Stuart_Armstrong comments on Siren worlds and the perils of over-optimised search

Stuart_Armstrong 16 May 2014 10:33 UTC
1 point
I’ve been thinking about this, and I haven’t found any immediately useful way of using your idea, but I’ll keep it in the back of my mind… We haven’t found a good way of identifying agency in the abstract sense (“was cosmic phenonmena X caused by an agent, and if so, which one?” kind of stuff), so this might be a useful simpler problem...

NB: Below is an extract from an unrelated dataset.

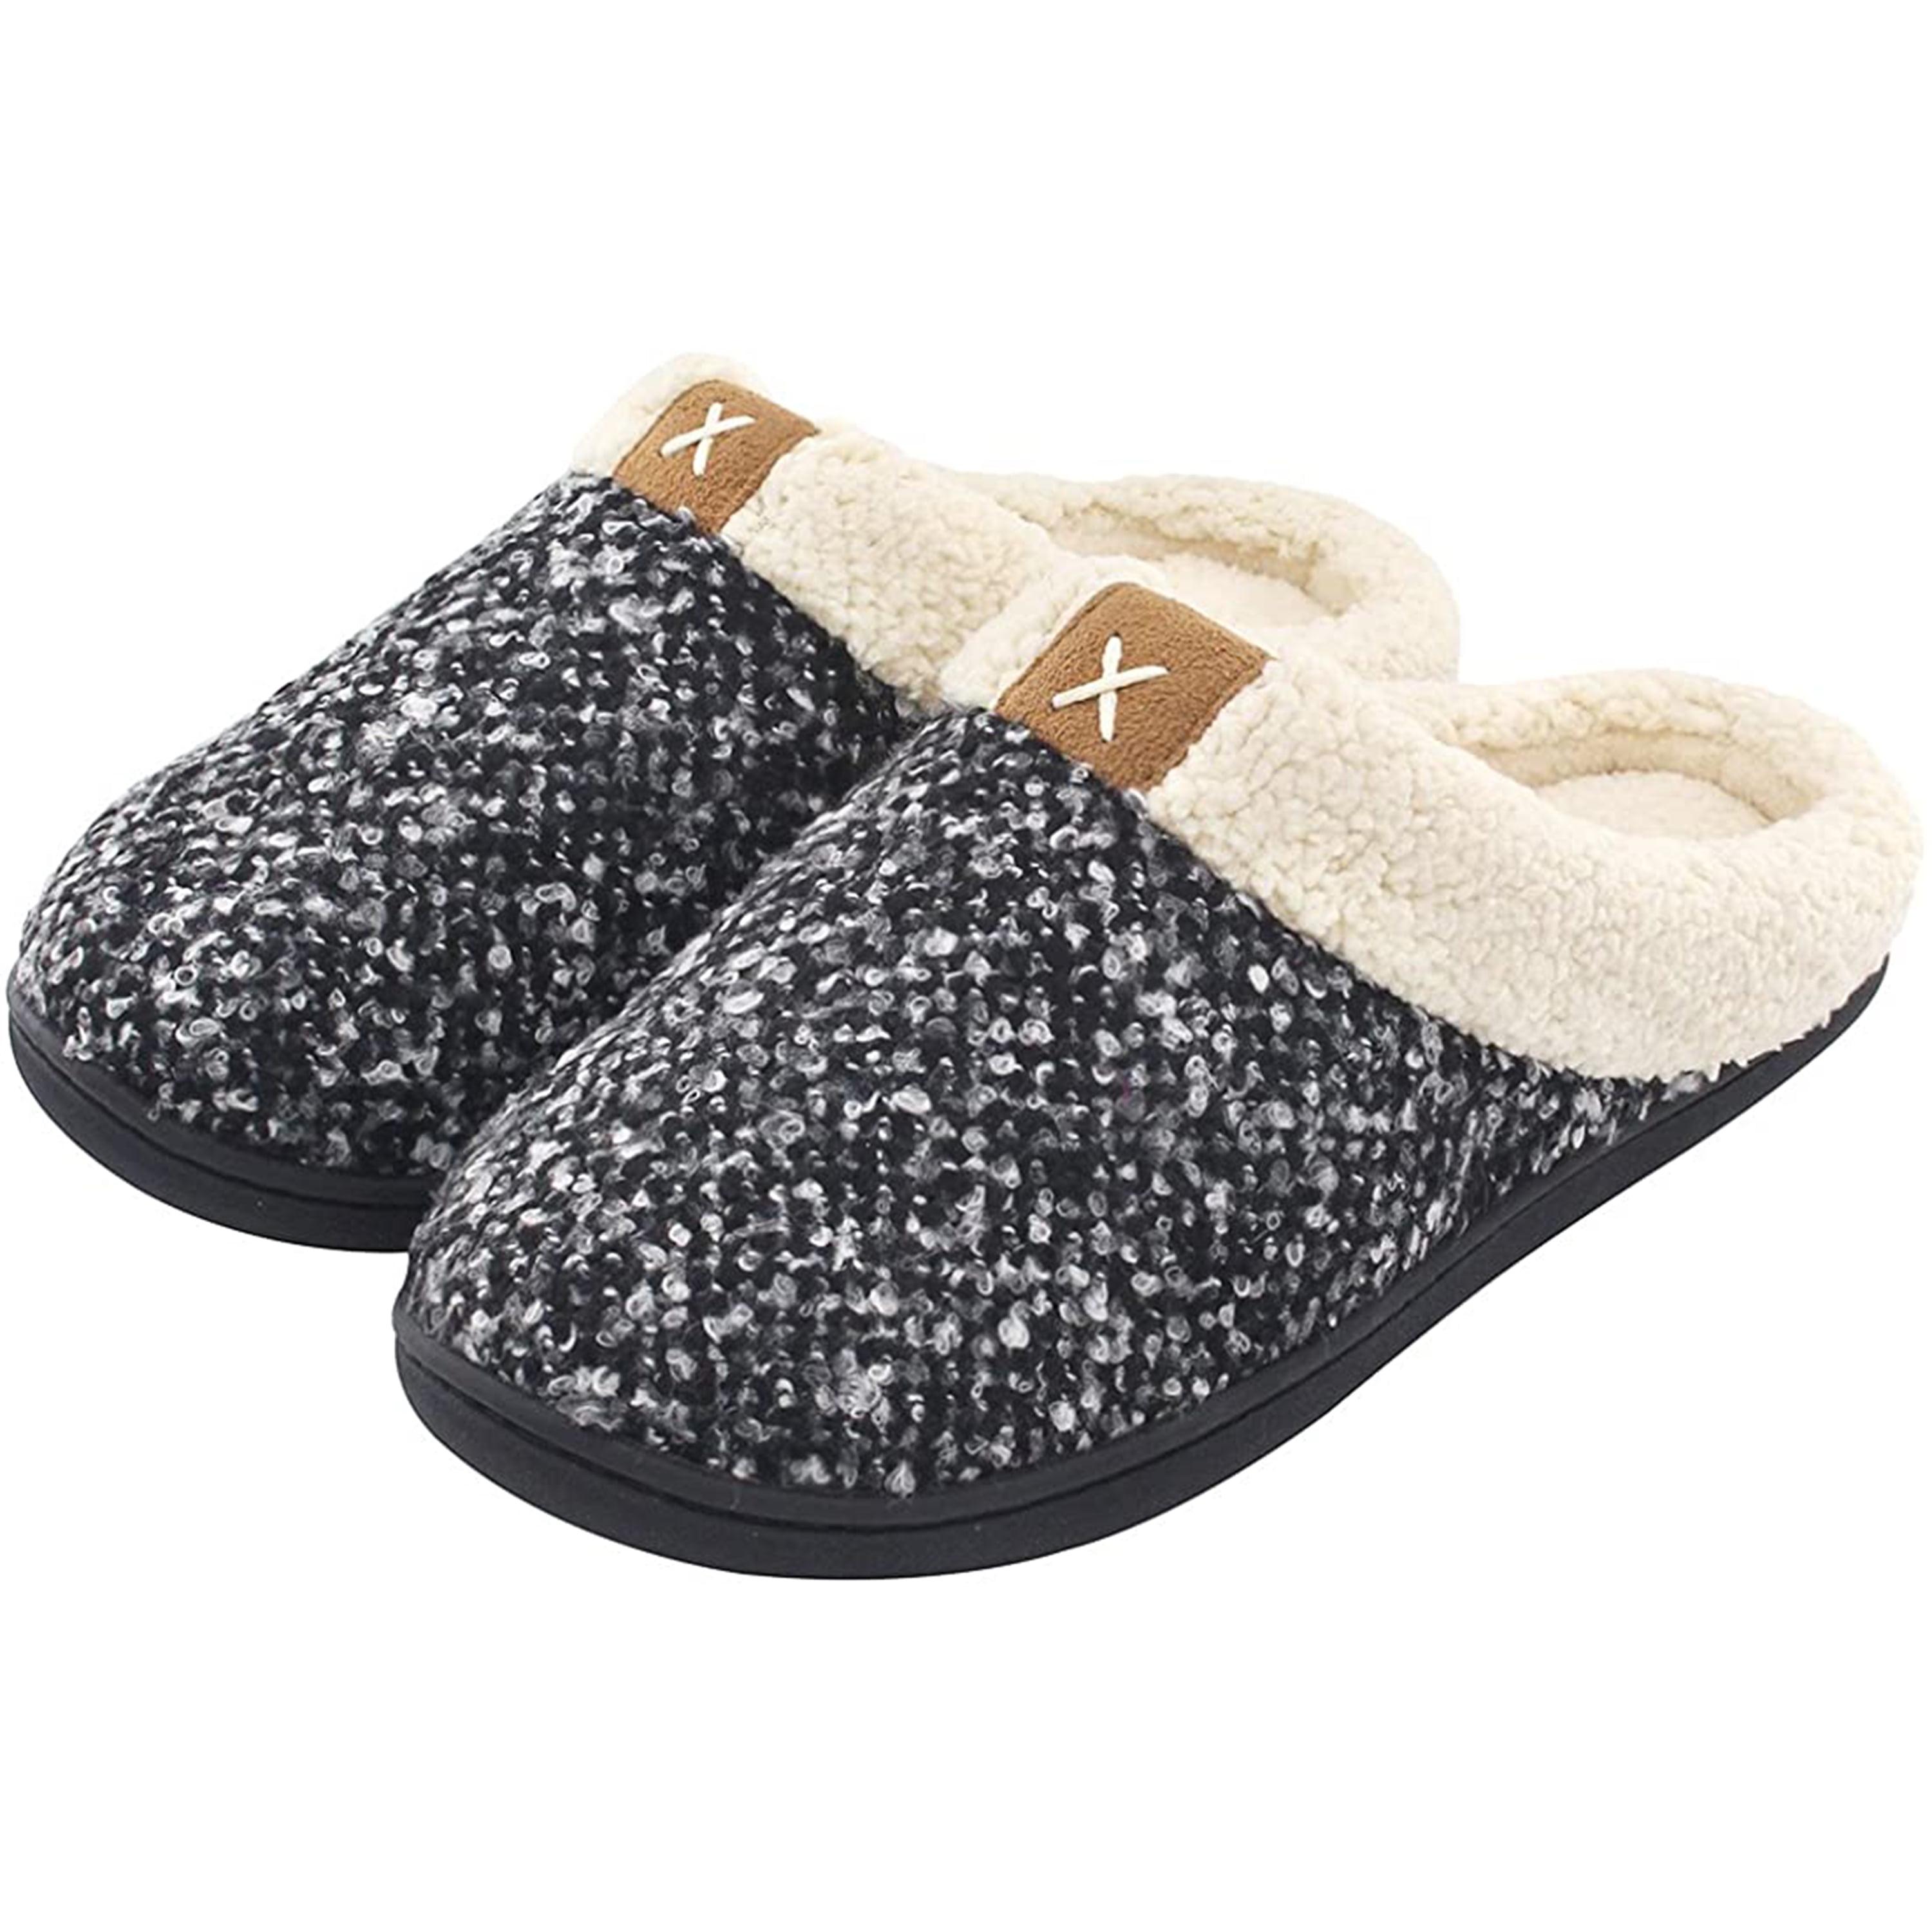 Homitem Men's Cozy Memory Foam Slippers,Fuzzy Wool-Like Plush Fleece Lined House Slippers Men Indoor Outdoor Slippers with Anti-Skid Rubber Sole

- [deleted] 16 May 2014 14:35 UTC
  2 points
  Parent
  Upon further research, it turns out that preference learning is a field within machine learning, so we can actually try to address this at a much more formal level. That would also get us another benefit: supervised learning algorithms don’t wirehead.
  
  Notably, this fits with our intuition that morality must be “taught” (ie: via labelled data) to actual human children, lest they simply decide that the Good and the Right consists of eating a whole lot of marshmallows.
  
  And if we put that together with a conservation heuristic for acting under moral uncertainty (say: optimize for expectedly moral expected utility, thus requiring higher moral certainty for less-extreme moral decisions), we might just start to make some headway on managing to construct utility functions that would mathematically reflect what their operators actually intend for them to do.
  
  I also have an idea written down in my notebook, which I’ve been refining, that sort of extends from what Luke had written down here. Would it be worth a post?